• _THE DATA_
****************************************
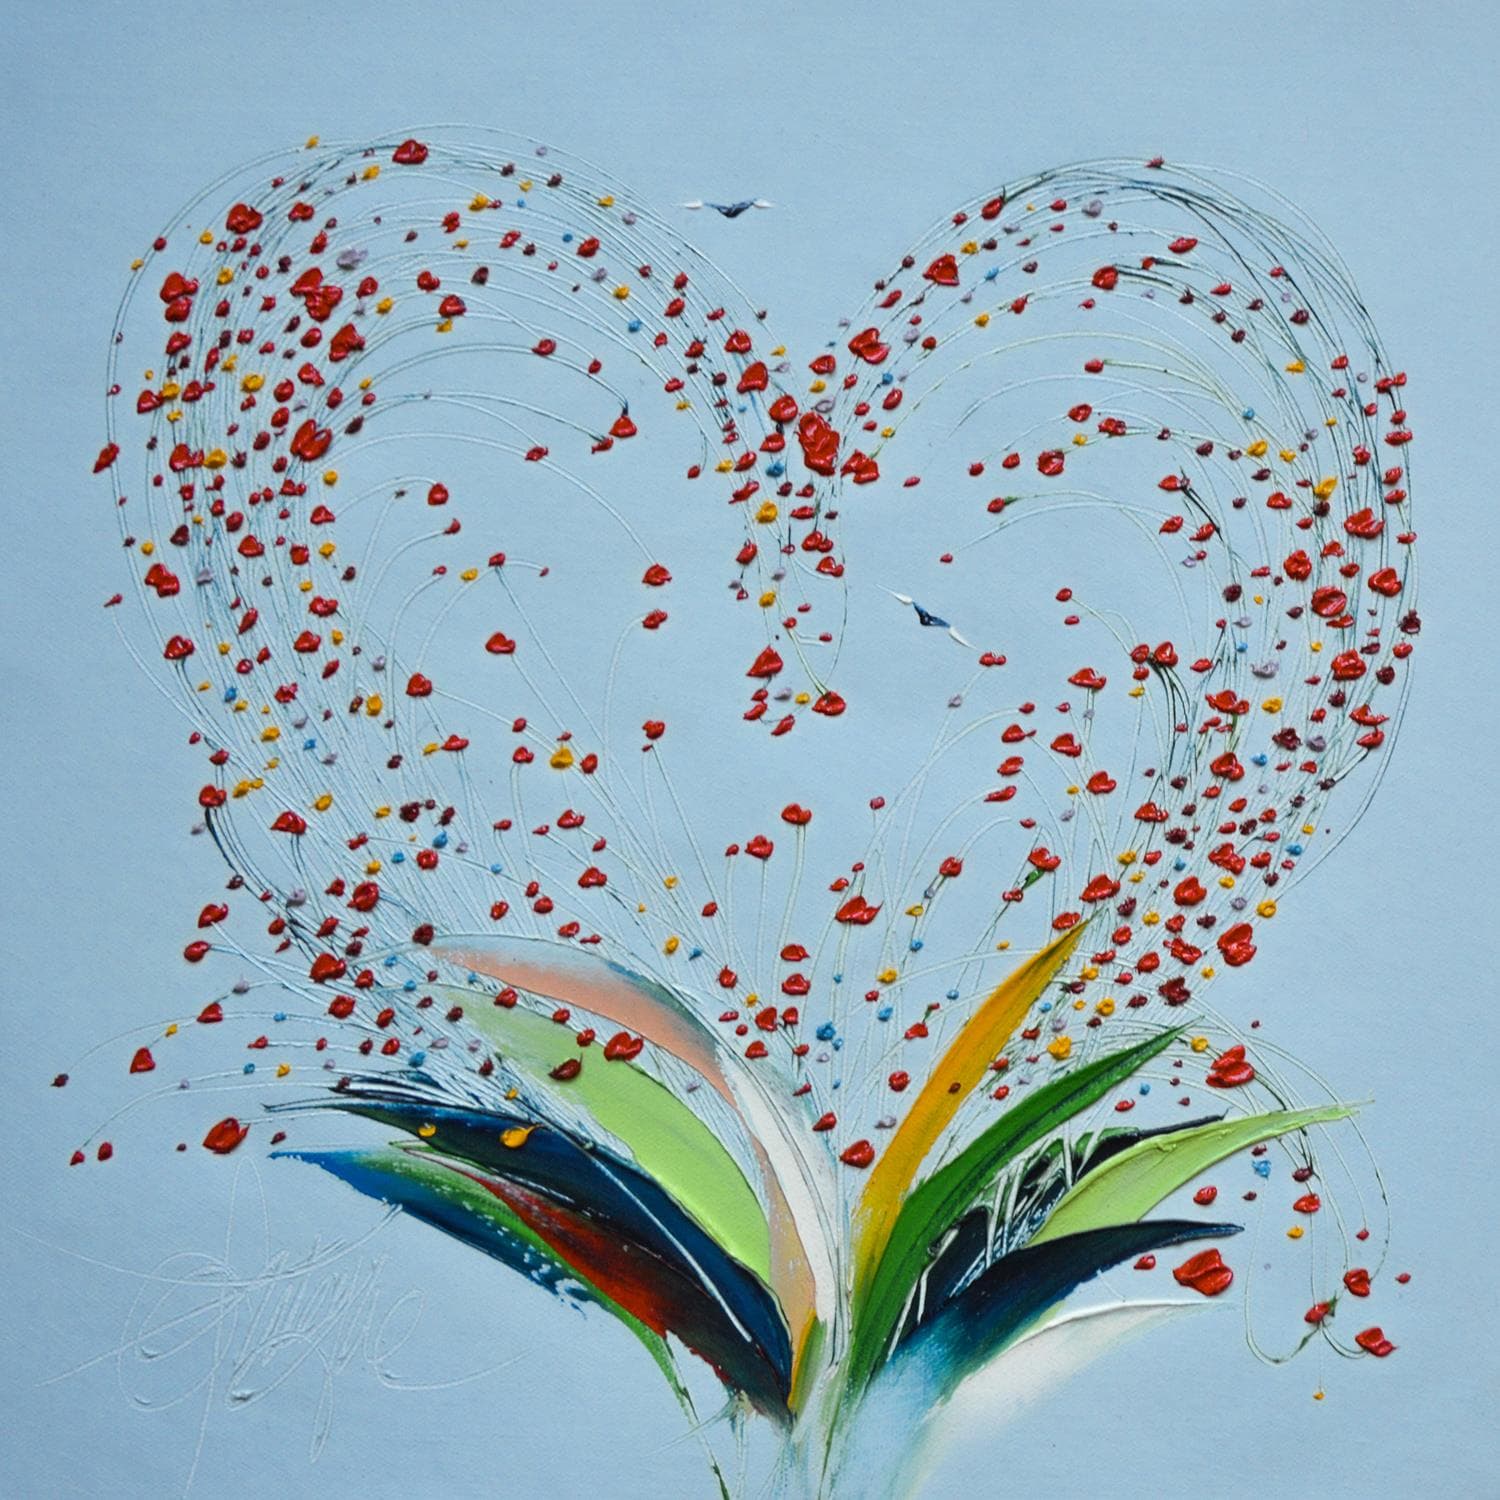 Small Paintings Sur Le Coeur Mon Amour By David Fonteyne Carre D Artistes
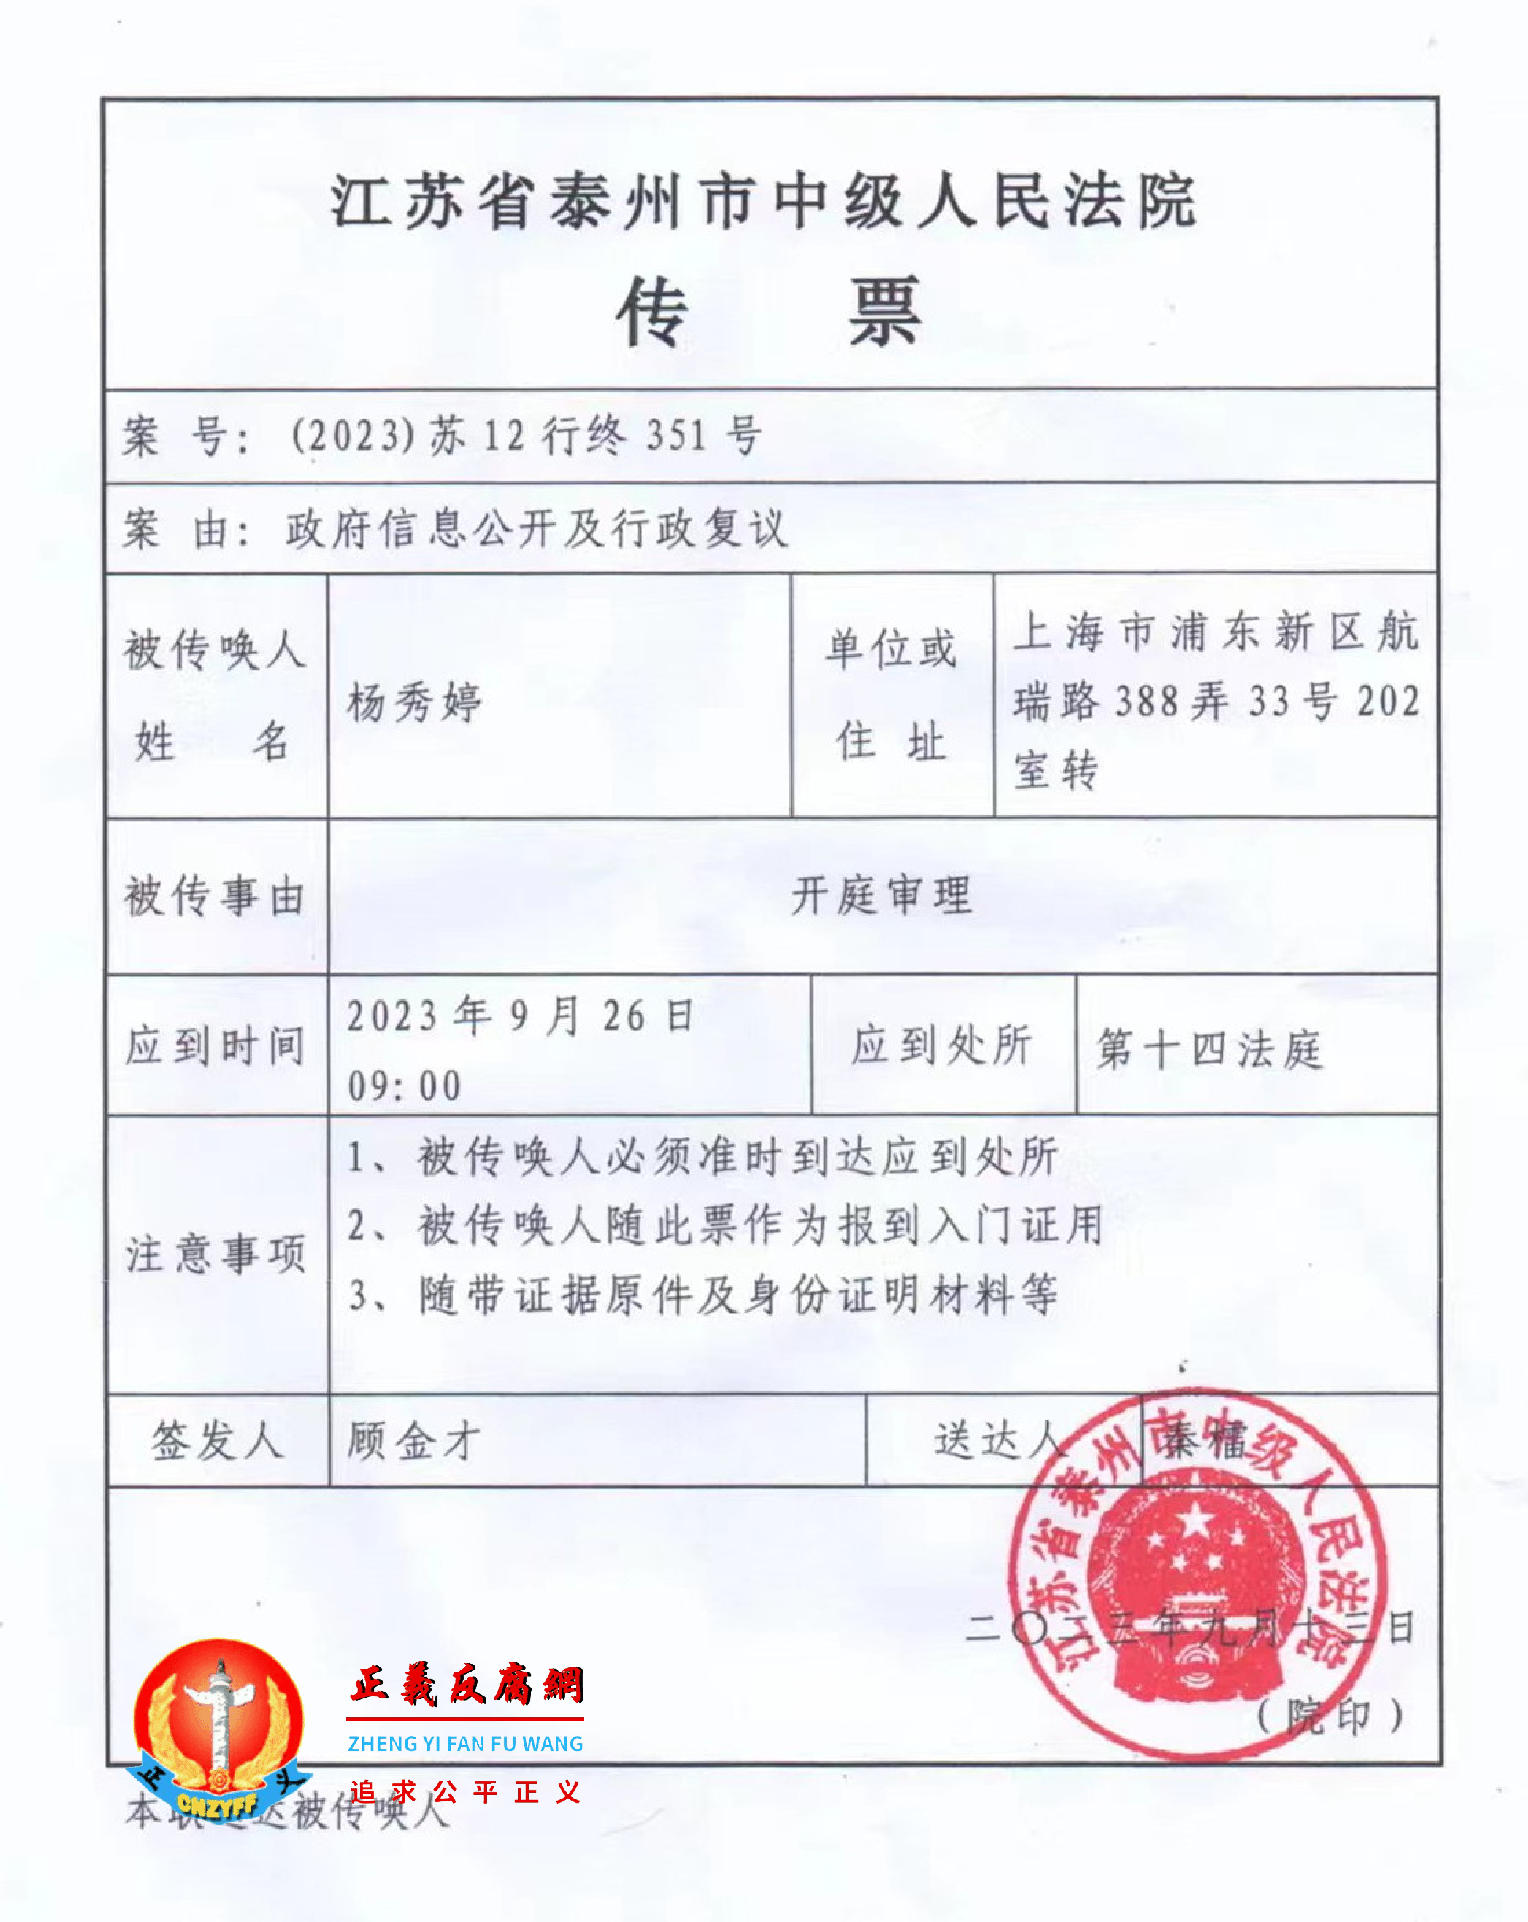 上海访民杨秀婷2023年9月26日的开庭通知书。.png
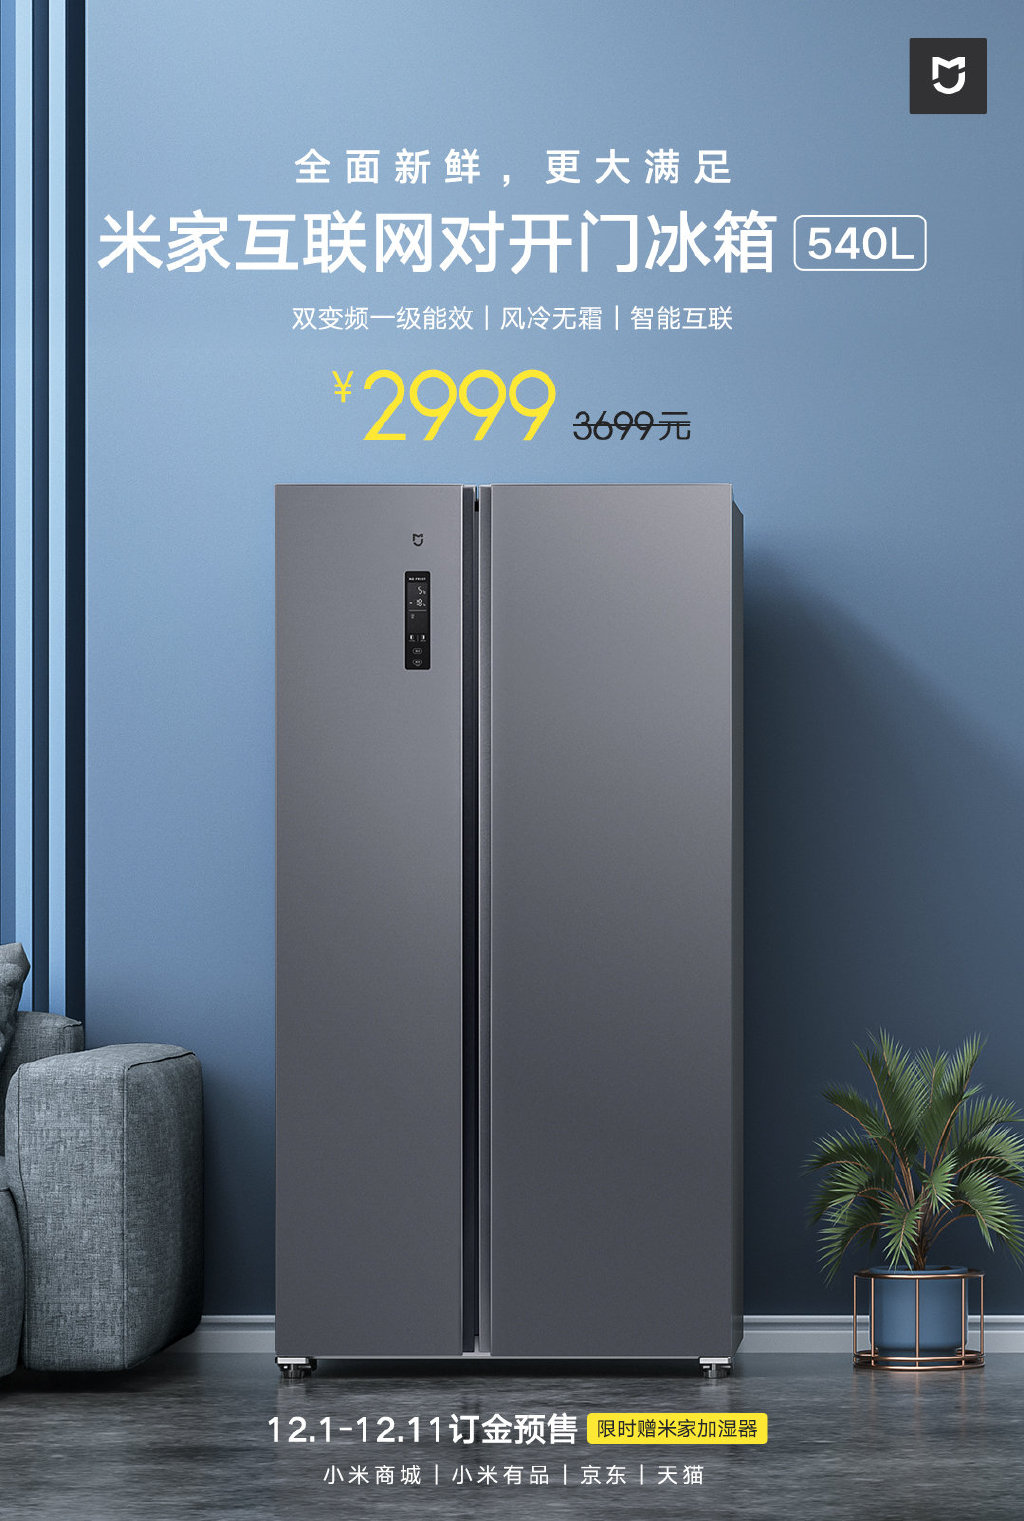 米家互联网对开门冰箱上线 540L大容量
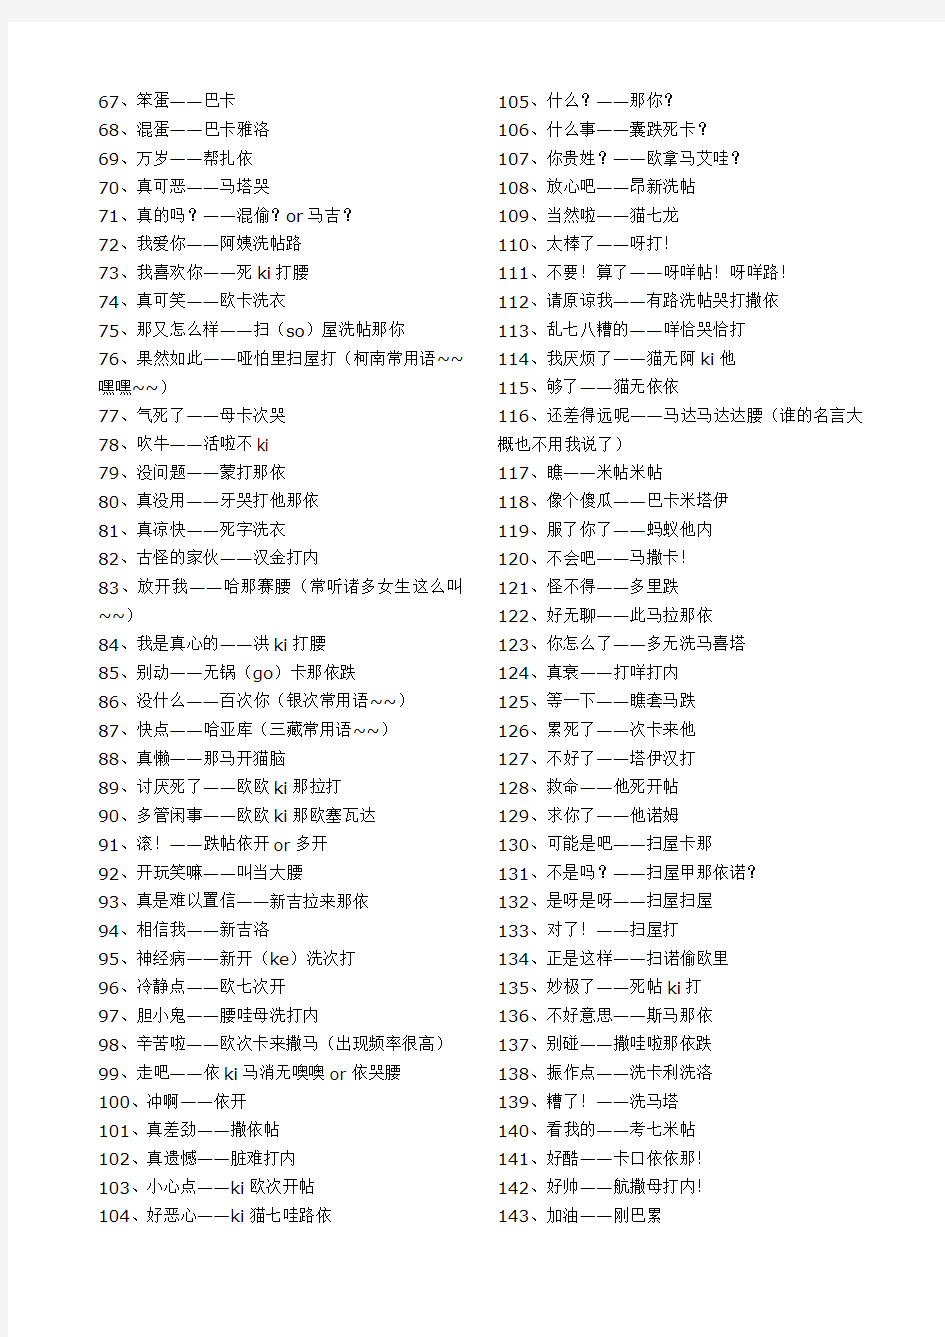 日语的日常用语(中文版)
****************************************
• _TASK ITEM_
Print out the whole listing word for word. Leave the pictures out.

• _OUTPUT FOR THIS TASK_
 Small Paintings Sur Le Coeur Mon Amour By David Fonteyne Carre D Artistes
 上海访民杨秀婷2023年9月26日的开庭通知书。.png
 米家互联网对开门冰箱上线 540L大容量
 日语的日常用语(中文版)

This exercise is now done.